At the moment, the optimization of the efficiency of hydraulic drive systems is achieved by using real prototypes. However, this method is time consuming as well as expensive. In addition to that, it requires the inclusion of all components as well as an elaborate test environment in advance. In a test rig, it is hardly possible to reproduce the complex properties of actual machines. At the same time, we are dealing with increasing complexity due to the growing influence of electronics. The requirements are even higher if the test has to consider an interaction with an operator. As a consequence, the development of virtual prototypes increasingly replaces experiments on actual machines via model-supported analyses. For example, the Bosch-Rexroth company computerized the development of new hydraulic components for work machines. However, solving the emerging optimization problems involves numerous simulations and the associated processing load is so extensive, it exceeds the capacities of standard computers.

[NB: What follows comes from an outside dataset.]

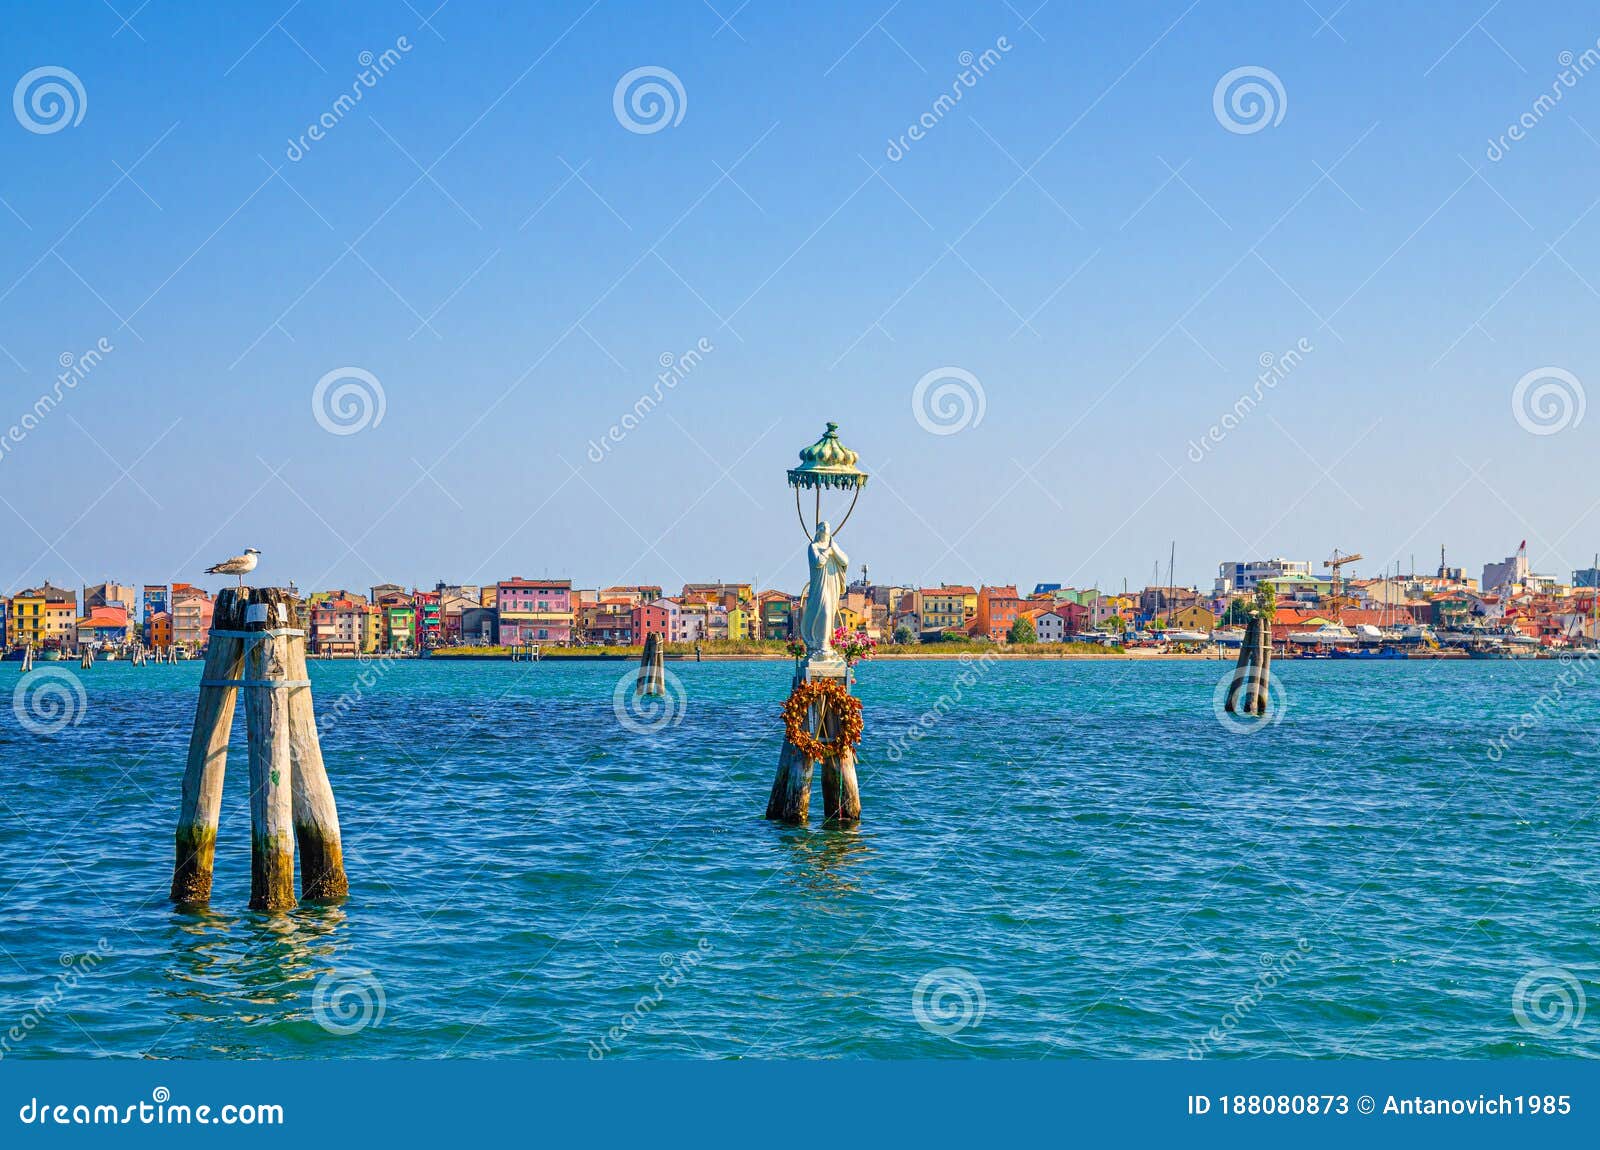 panoramic view of lusenzo lagoon with wooden bricole poles in water and sottomarina town

A quantitative disadvantage common to all recent approaches, is the computational cost conditioned by the high number of equations. The computational cost for lumped element Multi Body Systems amounts to several hours, for mesh based FEM approaches it can add up to days. So far, there is no parallelization concept with promising potential for optimization of the computational efficiency.


On top of that, in order to achieve an optimized calculation of the operational performance of working machinery (total machine management) it is crucial to factor in the so far unknown load cases and driving situation. Consequently, the computational costs increase enormously. The current technology does not measure up to the demands of corresponding simulations essential to the development cycle. Nonetheless, if we succeeded in optimizing whole machine systems with regard to their drive technology down to each single component and its functionality within the process, the above-mentioned challenges could be managed, e.g. a significant enhancement of energy efficiency. To achieve that, we would have to be able to obtain information from virtual test facilities comparable to those derived from real test rigs.


This puts high requirements on machine simulations with respect to the size and complexity of models, the level of detail of multi-physical sub models as well as the calculation stability and speed.